2. The design and construction method of the surface photovoltaic anchoring system suitable for large-amplitude and high-flow-rate water areas, which is characterized by comprising the following steps of: in the step 8), the distance between the two steel brackets (8) respectively connected with the two free ends of the anchor rope (7) is determined according to the included angle theta of the anchor rope (7).
3. The design and construction method of the surface photovoltaic anchoring system suitable for large-amplitude and high-flow-rate water areas, which is characterized by comprising the following steps of: spacing pulley assembly (5) are including floating support (9), spacing pulley (10) and connection pulley (11), float support (9) for setting up in the frame construction of tubular pile (2) periphery, spacing pulley (10) have at the gliding gyro wheel of tubular pile (2) surface, and gyro wheel and the inboard fixed connection who floats support (9), connection pulley (11) are through fixed connection piece (13) and float the outside fixed connection who supports (9), connection pulley (11) are walked around to anchor rope (7) and are connected with two steel brackets (8).
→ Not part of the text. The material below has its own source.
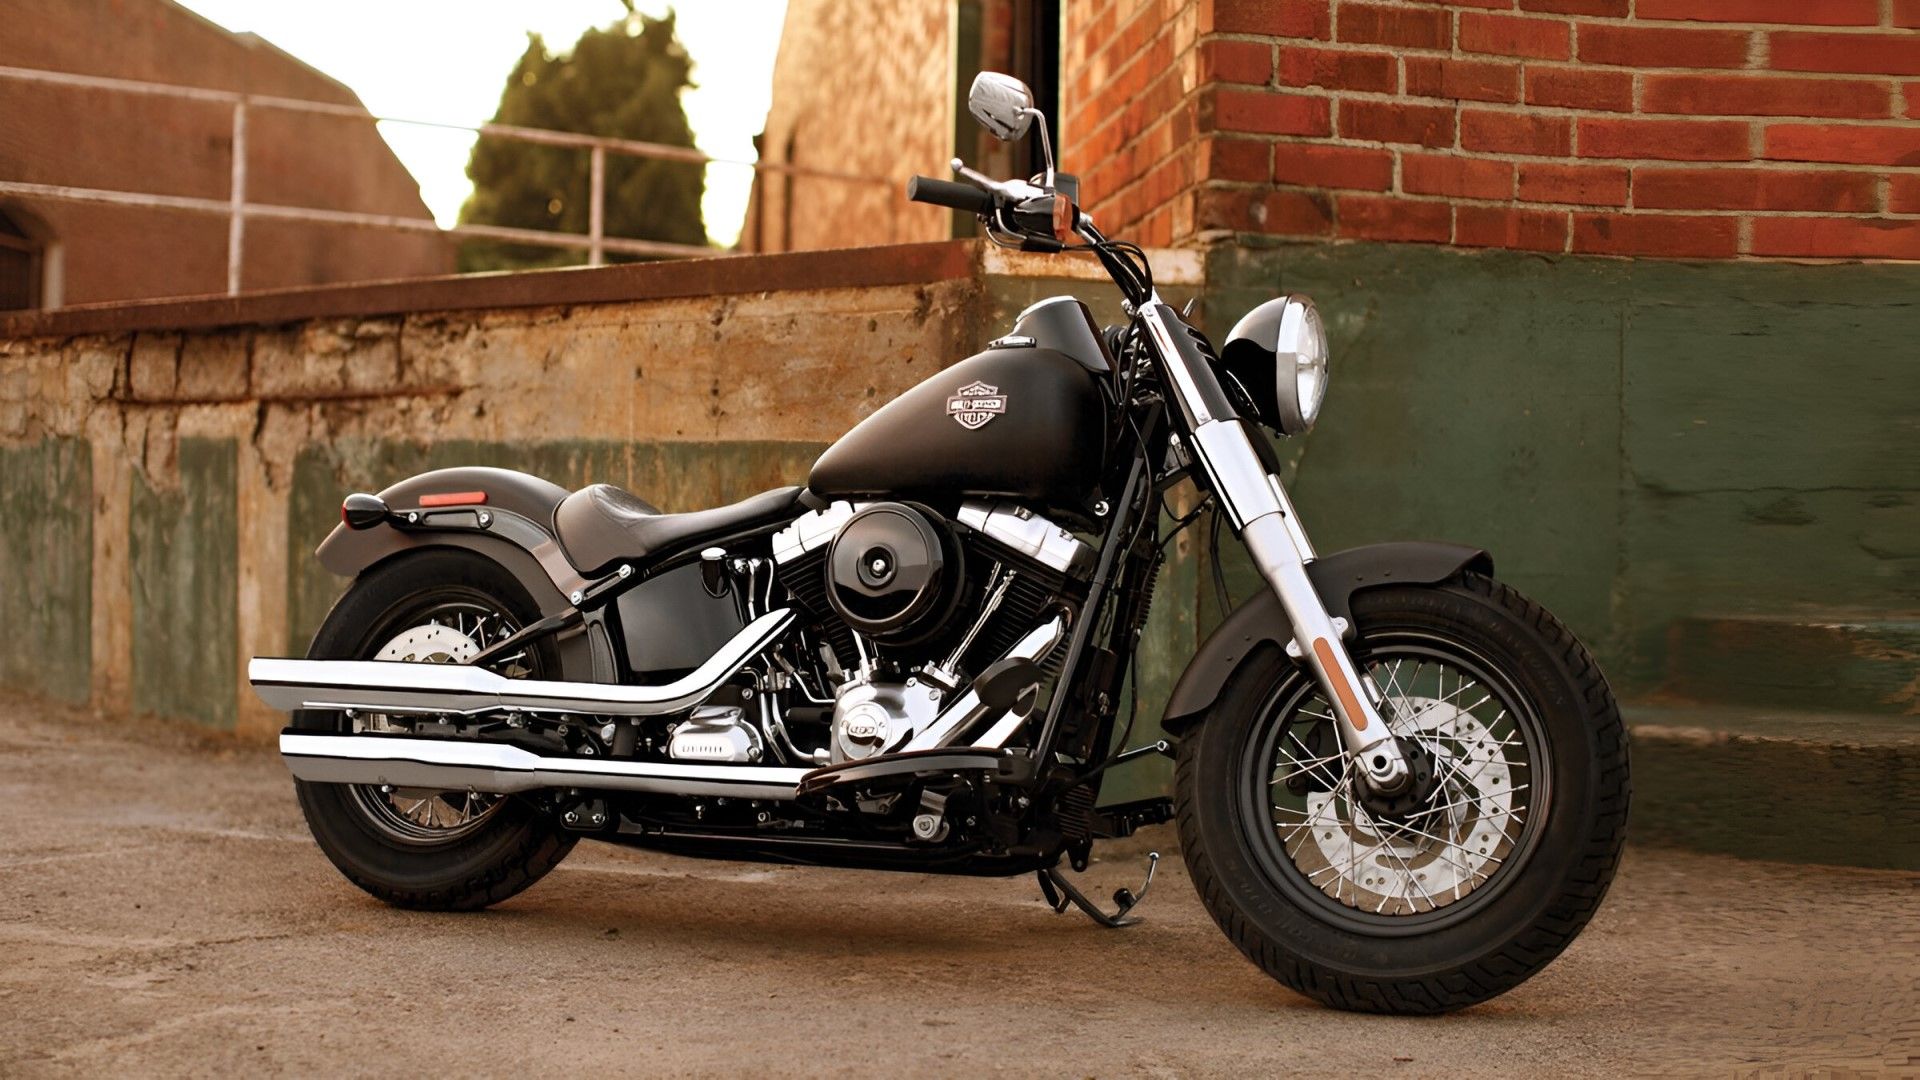 Captain America’s 2012 Harley-Davidson Softail Slim

4. The design and construction method of the surface photovoltaic anchoring system suitable for large-amplitude and high-flow-rate water areas, which is characterized by comprising the following steps of: the photovoltaic array (1) is characterized in that a plurality of tubular piles (2) are uniformly distributed along four corners of the periphery of the diagonal direction, and the number n of the tubular piles is more than or equal to 1 and less than or equal to 5.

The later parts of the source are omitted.